Impostor, Roland Barthes lo fue y a conciencia. Practicó metódicamente el “robo del lenguaje” “como en otro tiempo se robaban panes” y utilizó los conceptos científicos de su
La literatura fue para Barthes un tesoro de sutileza, el último bastión ante el avance de la idiotez
tiempo como si se tratara de alegorías o imágenes metafóricas. “Como nosotros, los ‘literatos’, carecemos del formalismo soberano de las matemáticas, necesitamos emplear el máximo de metáforas posible”, sostenía, aunque su ciencia no aspiraba a la validez de todos los casos posibles sino a la singularidad del caso concreto. “¿Por qué no podríamos formular una ciencia nueva para cada objeto? ¿Una
mathesis singularis (y ya no
universalis)?”, se preguntaba en su último libro,
La cámara lúcida (1980).
Semanas antes de su muerte, en “Nunca se logra hablar de lo que se ama”, texto que se publicaría póstumamente, Barthes imaginó que podía cambiar todavía una última vez de vida.
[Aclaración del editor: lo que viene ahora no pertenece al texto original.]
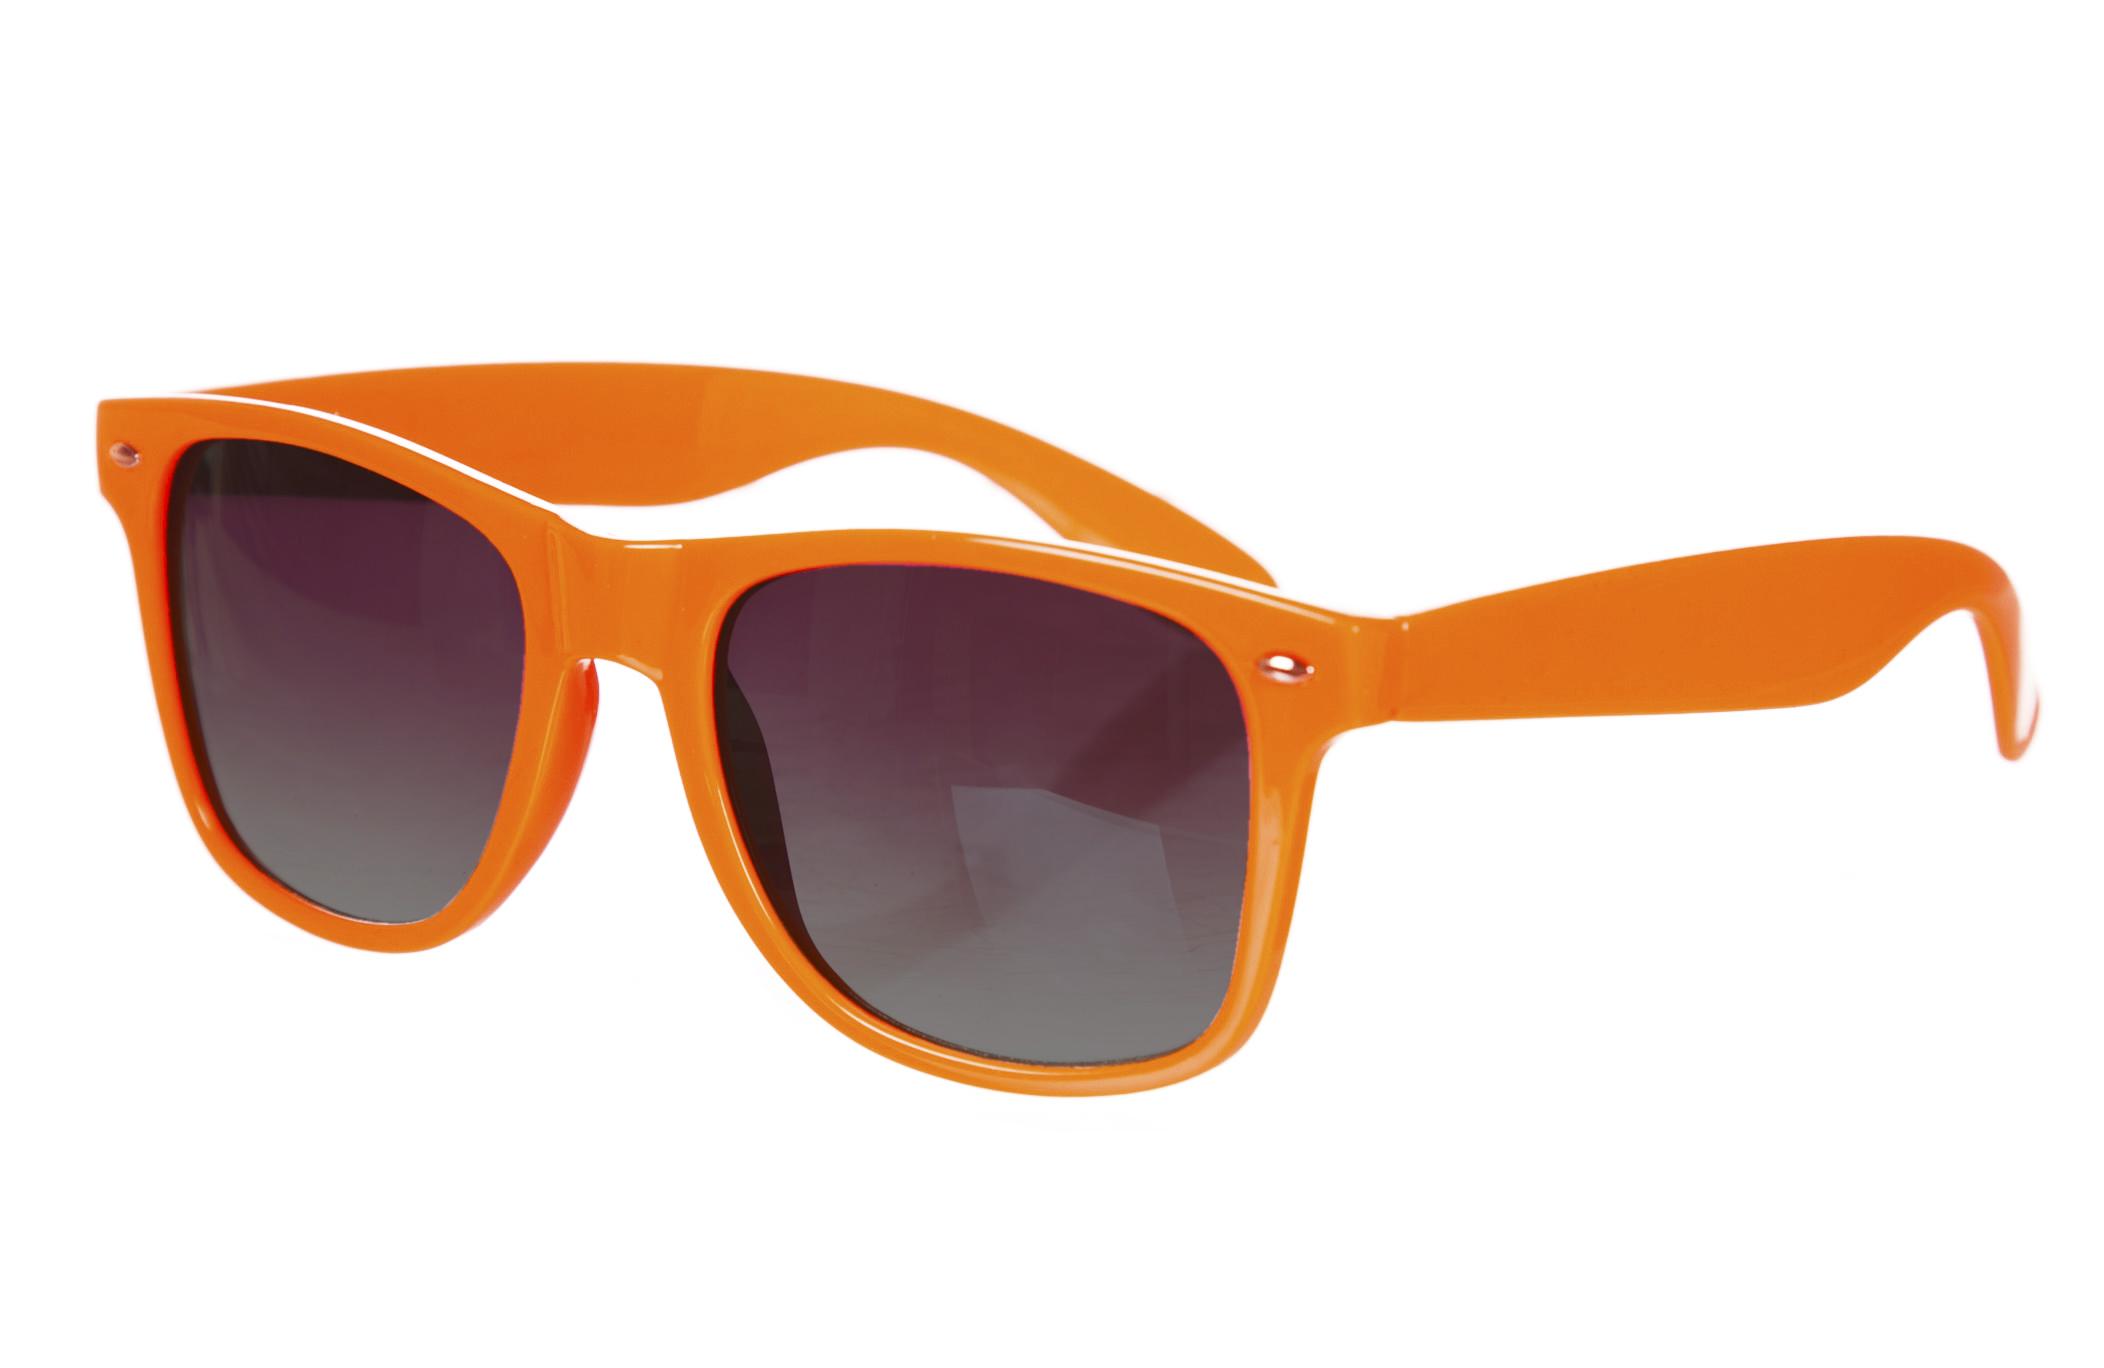 Goggles clipart cartoon. Free bright sunglasses cliparts

En la estación de tren de Milán fantaseaba con la posibilidad de equivocarse de destino, “viajar toda la noche y encontrarse a la mañana siguiente en la luz, en la dulzura de una ciudad extrema”. Ese sueño le llevó a reflexionar sobre por qué, durante su juventud, Stendhal nunca logró hablar de Italia como lo haría en las primeras páginas de la
Cartuja de Parma: “Cuando era joven, en la época de Roma, Nápoles, Florencia, Stendhal podía escribir: ‘Cuando miento, me aburro’; no sabía todavía que existía una mentira, la mentira novelesca, que sería al mismo tiempo el rodeo de la verdad y la expresión al fin triunfante de su pasión italiana”.
La literatura, ese “engaño redentor”, es un cruce de caminos en el que se encuentran todos los discursos. Mientras las acusaciones de impostura traten de intimidar a los lectores de la obra de Barthes, esta seguirá viva, porque la impostura no es otra cosa que la huella literaria, resistente, irreductible que dejó en sus textos y que inyecta una dosis de inestabilidad en su pensamiento. Es posible que un buen indicador del rastro que ha dejado Roland Barthes pueda descubrirse en aquellos sobre los que, desde ayer, hoy y siempre, se cierne la sospecha de impostores.